__DATA EXCERPT__
"""
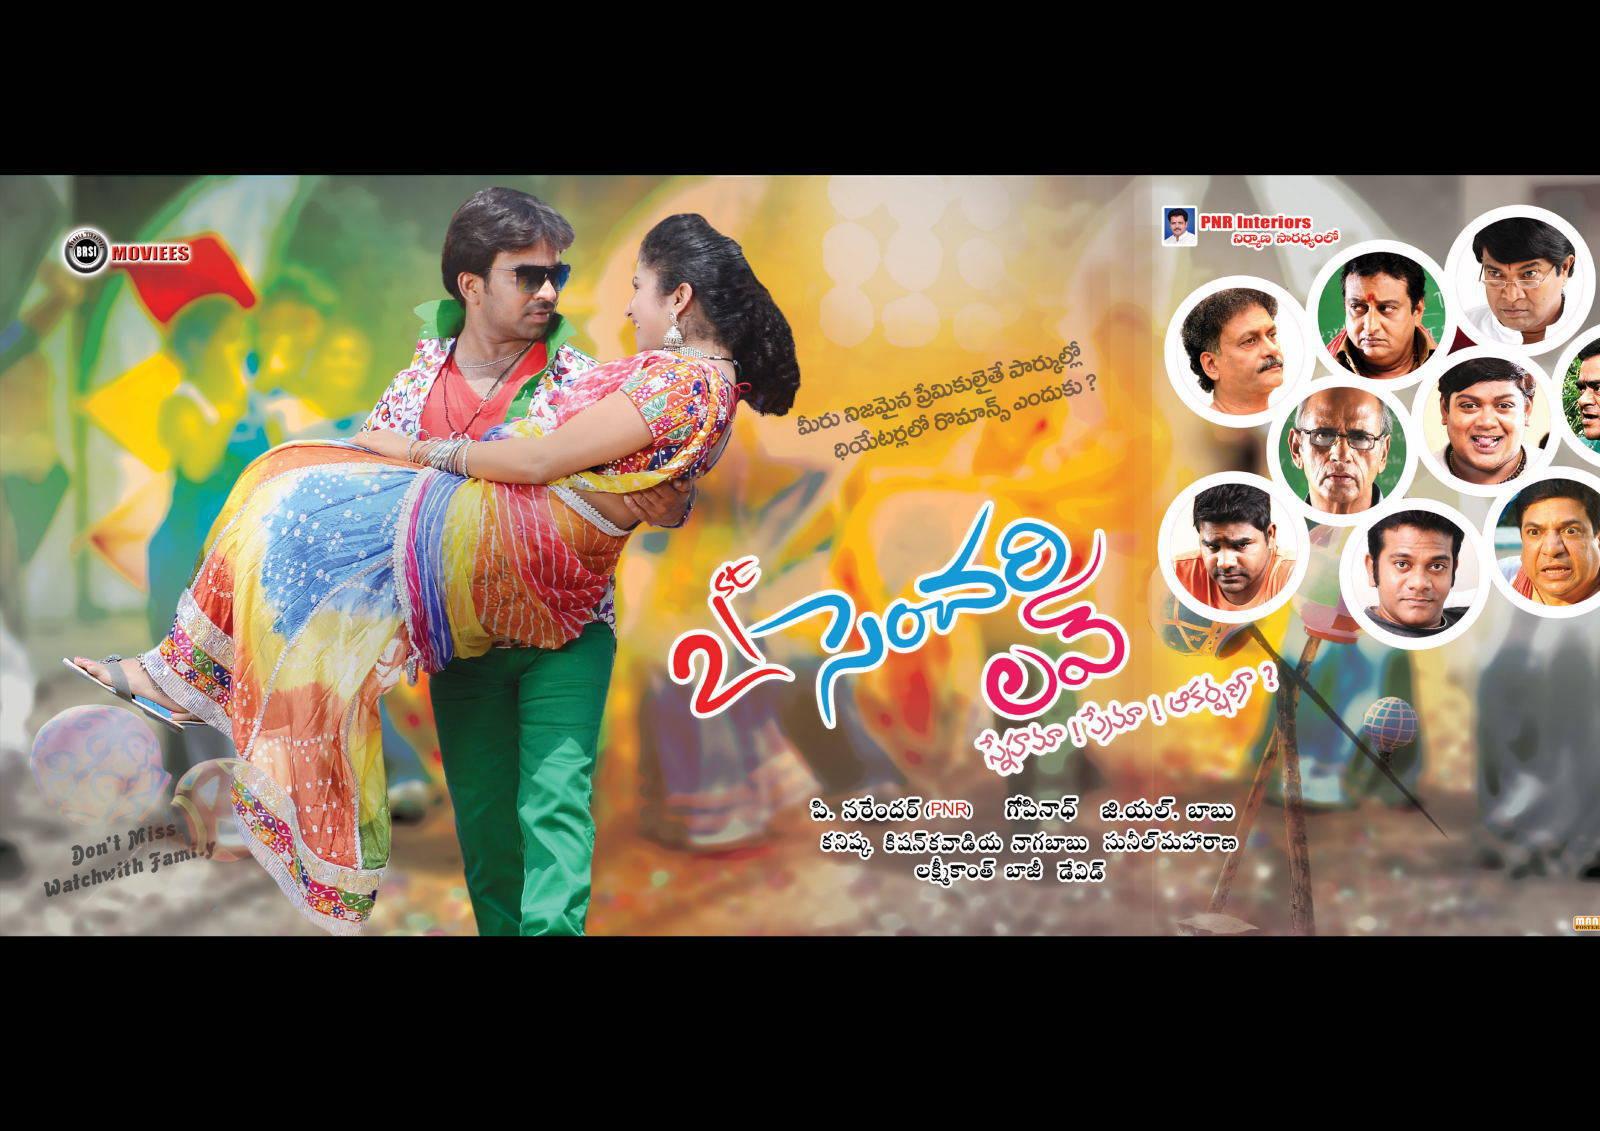 21st Century Love (2016) Telugu Movie Watch Online
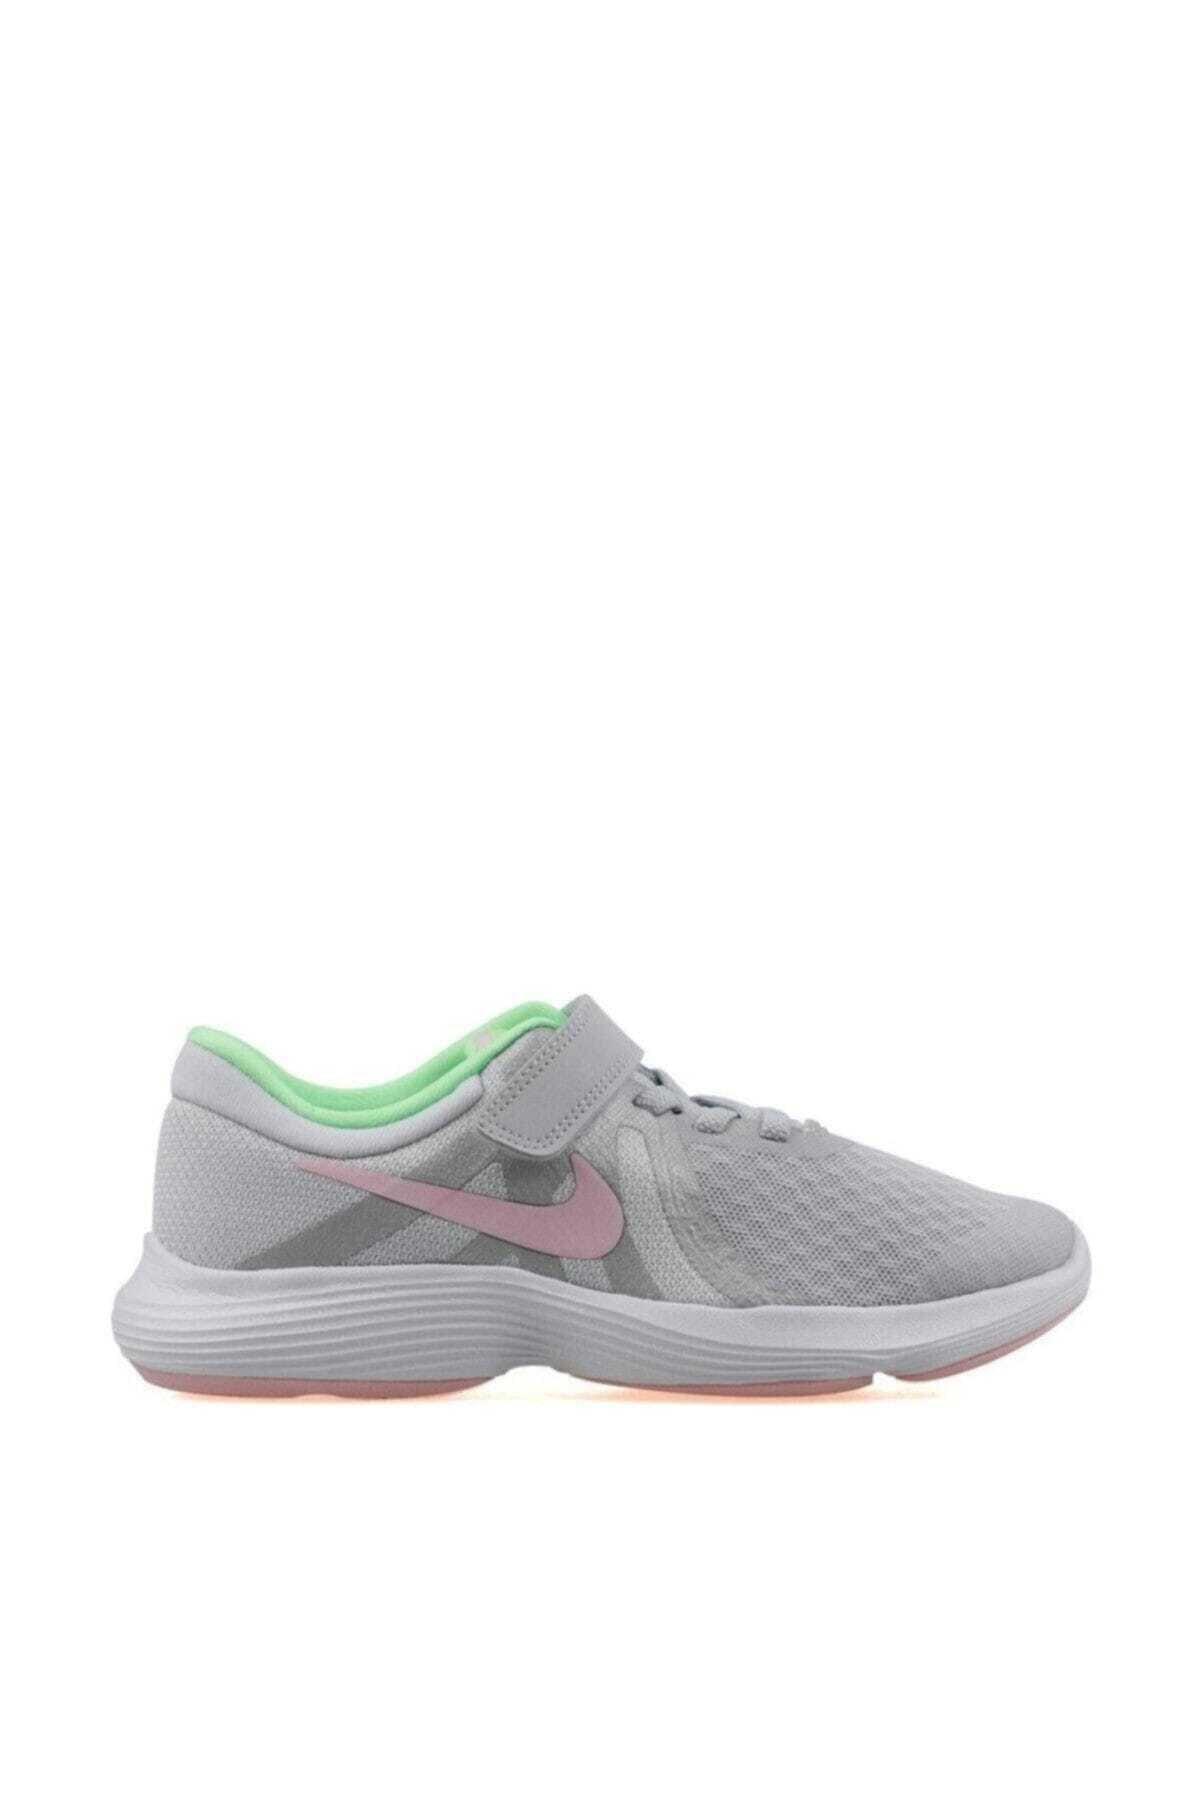 Nike Kids Gri - Açık Yeşil Kız Nıke Revolutıon 4 (Psv) 1
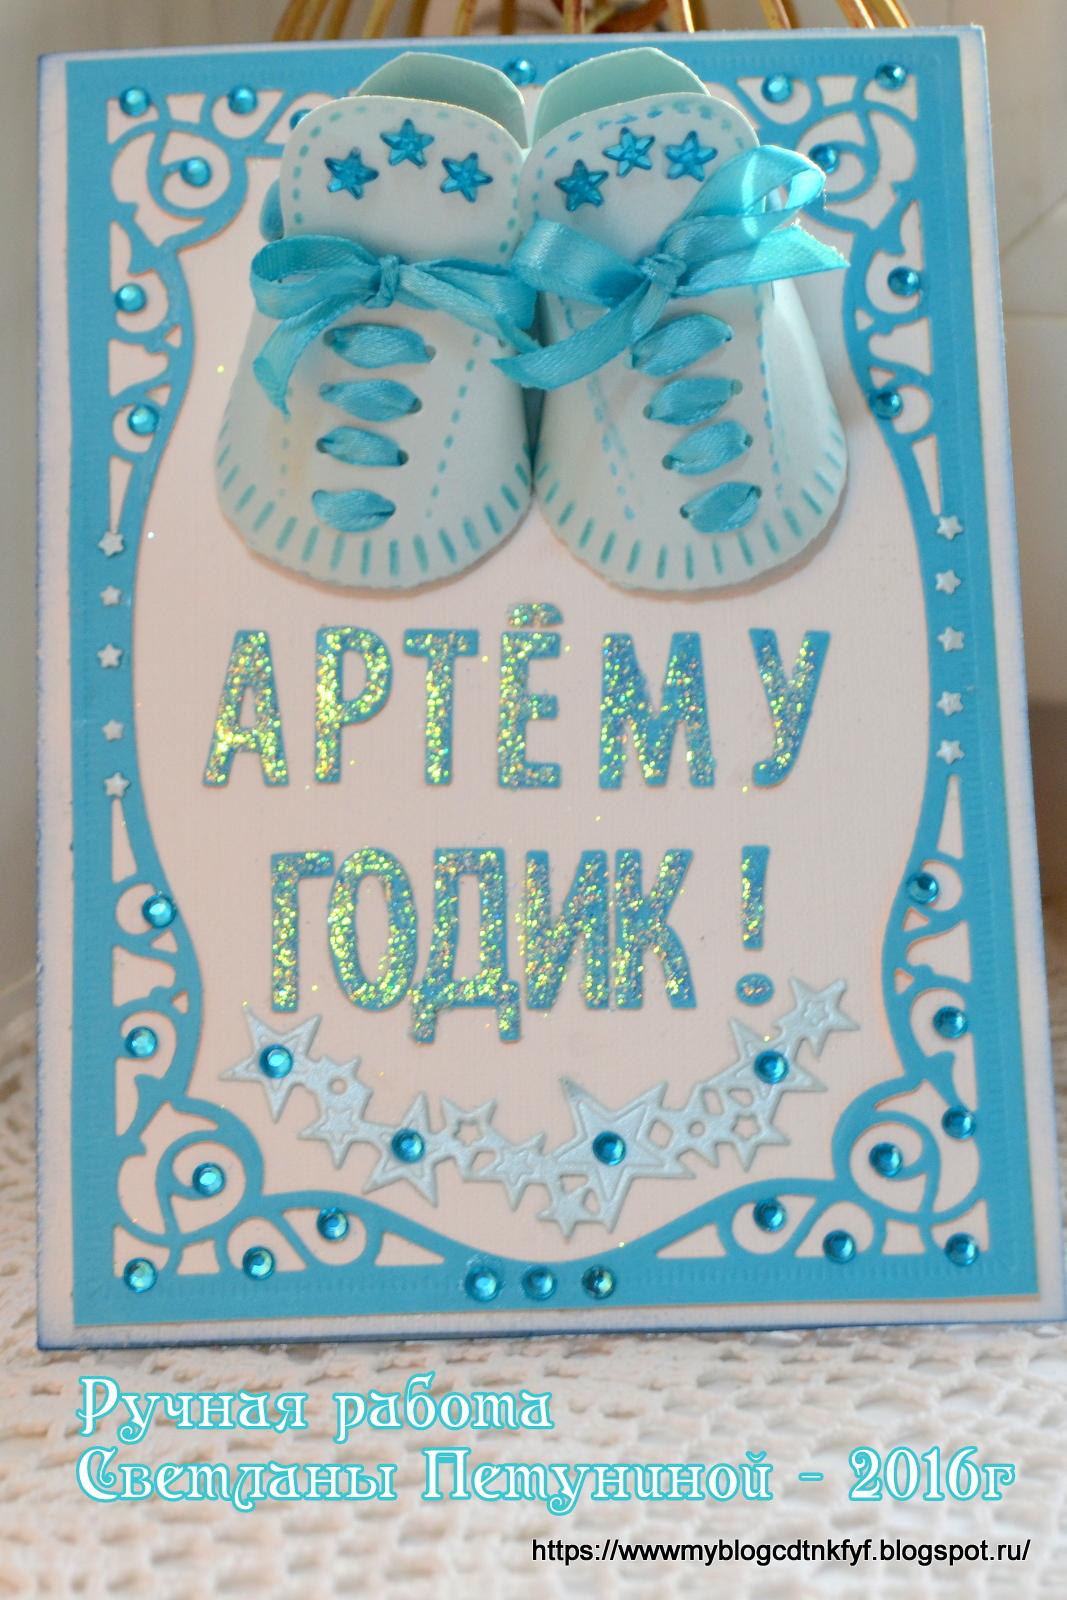 Поздравления с днем рождения Артему 5
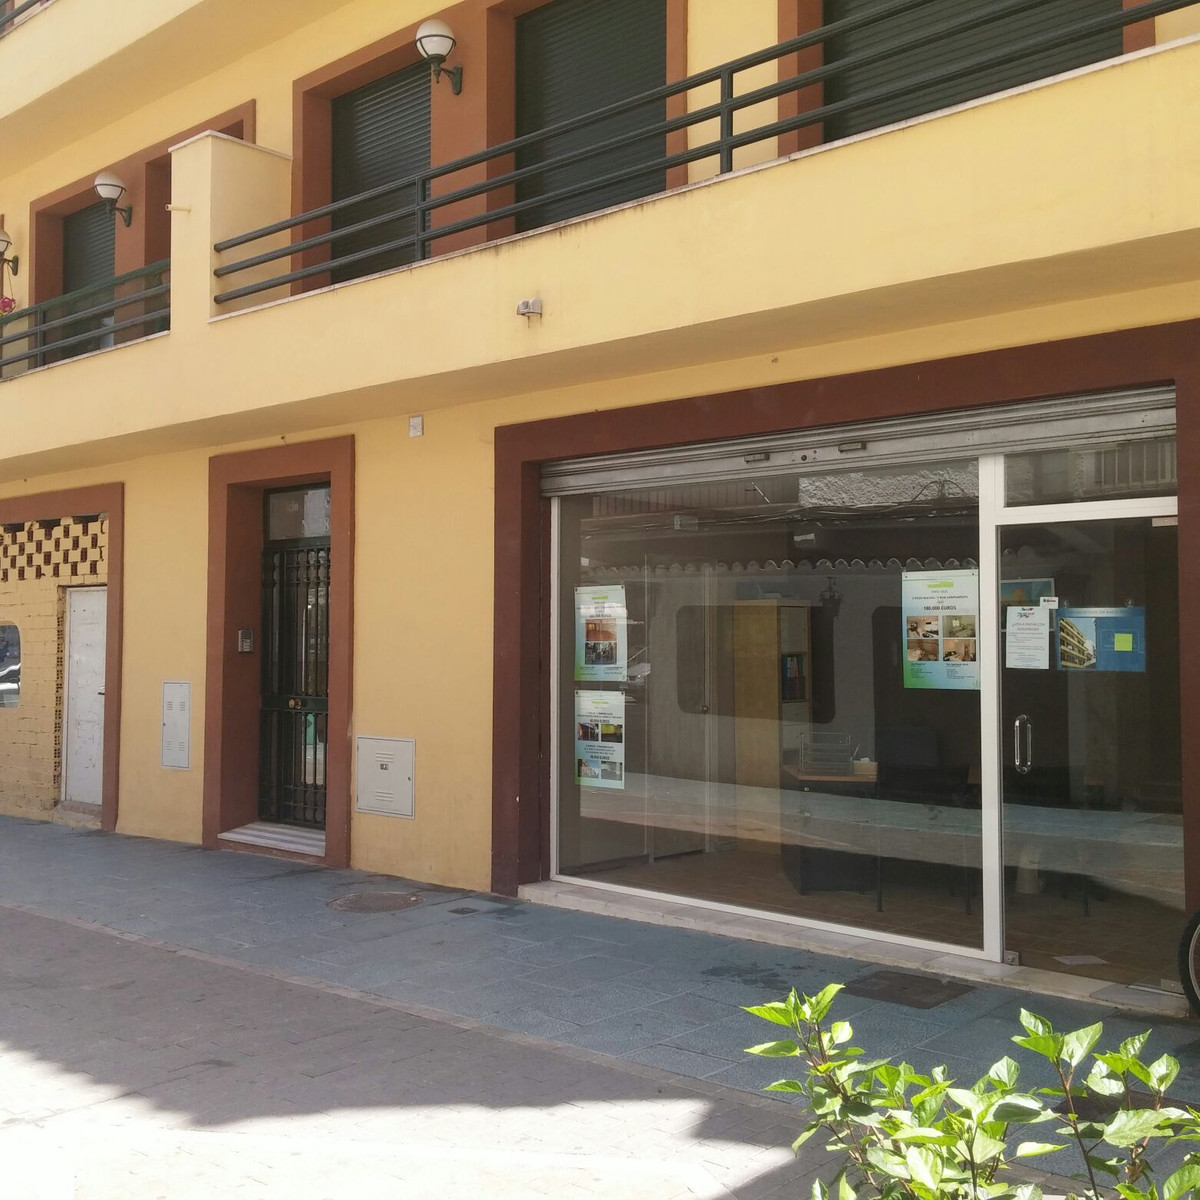 Commercial - San Pedro De Alcántara
"""
__PROBLEM REQUIREMENTS__
Your reply should hold every line of the material, unaltered, and not one picture.

__ANSWER BOX__
 21st Century Love (2016) Telugu Movie Watch Online
 Nike Kids Gri - Açık Yeşil Kız Nıke Revolutıon 4 (Psv) 1
 Поздравления с днем рождения Артему 5
 Commercial - San Pedro De Alcántara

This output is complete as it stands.